Письма из Ламбарене
Шрифт:
Как тяжело писать письма, в которых я должен сообщить близким умершего у нас европейца о его последних днях и о кончине!
Из любви ко мне после трех недель, проведенных в трауре, Жозеф снова возвращается на работу, что я ставлю ему в большую заслугу.
— Доктор — раб своей работы, — говорит он, — а бедный Жозеф — раб доктора.
Одновременно с ним возвращается и плотник-негр Моненцали, у которого от сонной болезни умерла жена. Мне стоило большого труда уговорить его вернуться. Он поставил мне определенные условия. С двенадцати часов у него должен быть двухчасовой обеденный перерыв, а в половине шестого рабочий день его должен кончаться.
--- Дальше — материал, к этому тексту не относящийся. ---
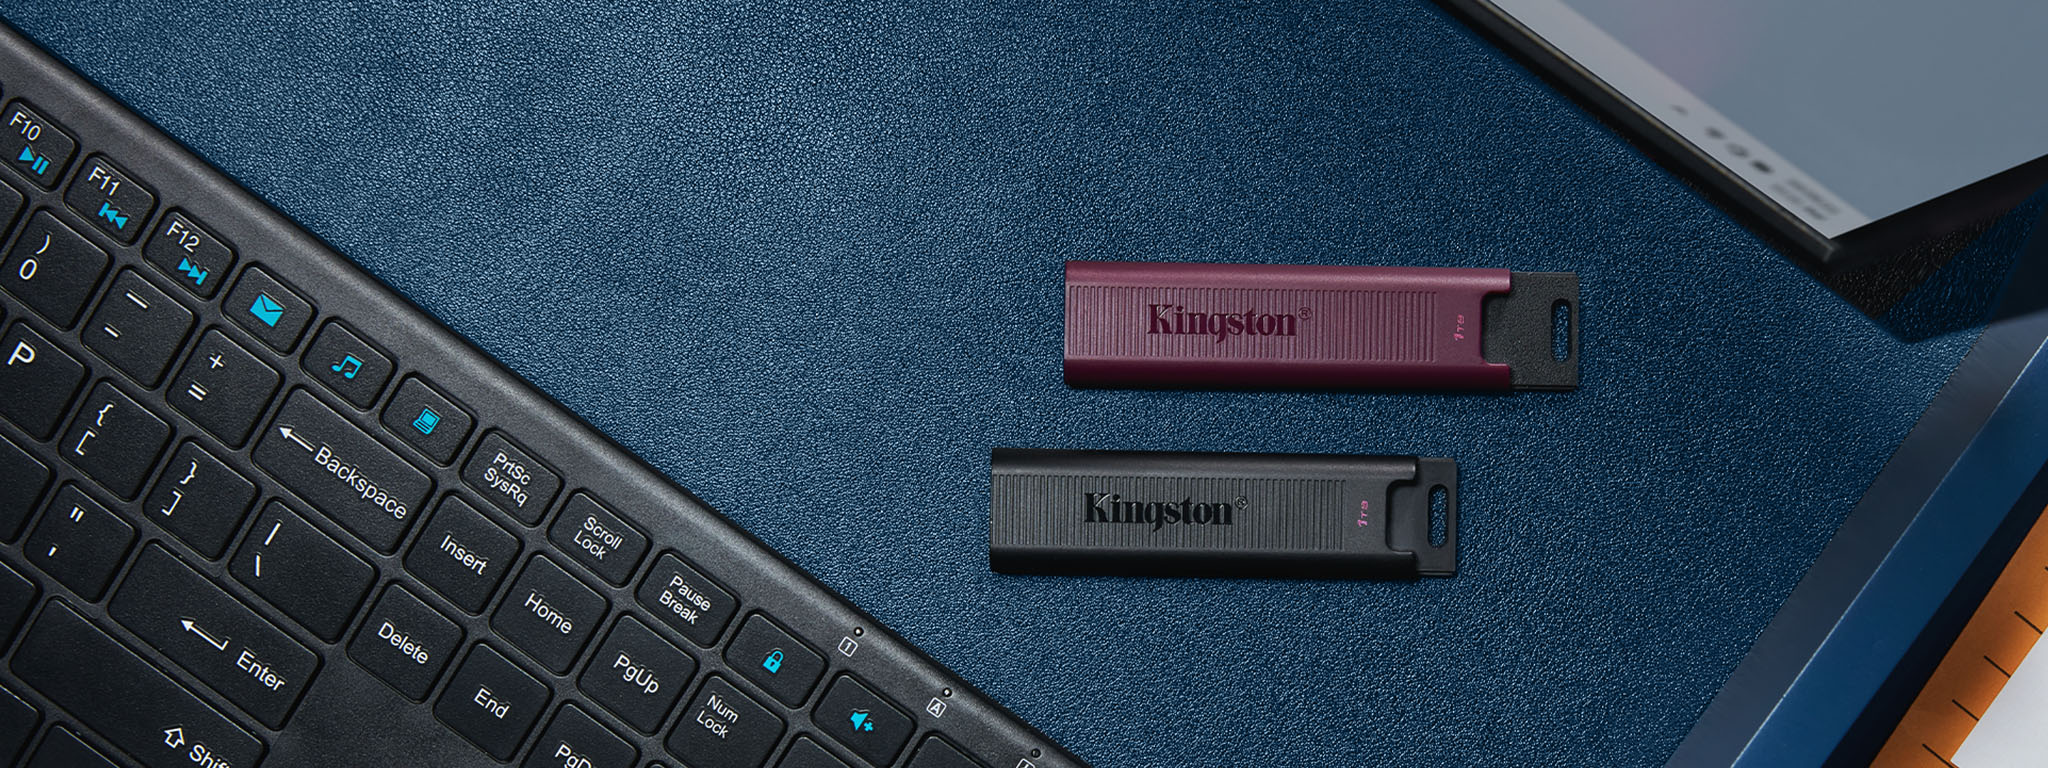 Bir klavye ve monitör arasında duran siyah USB-C ve bordo USB-A DT Max flash sürücülerin üstten görünümü

Никаких сверхурочных часов и никакого принуждения к работе. Я не решаюсь даже написать здесь, какое жалованье мне пришлось ему положить. При всем этом я должен быть доволен
Рука положенного к нам по поводу укуса человеком столяра Вендакамбано хорошо зажила. Он уехал домой, якобы для того, чтобы быстро устроить свои дела и потом вернуться ко мне и отработать обещанные два месяца. Однако, как я вскоре узнаю, он собирается поступить на новое место.
В докторе Лаутербурге меня не перестает удивлять еще и то, что он в одном лице ухитряется совмещать оперирующего врача и операционную сестру. Но он мужественно справляется со своей двойной ролью. Туземцы называют его «Нчинда-Нчинда», что означает «человек, который здорово режет». Доктора Нессмана они зовут Огула, что значит «сын вождя». Под «вождем» они разумеют меня. [68]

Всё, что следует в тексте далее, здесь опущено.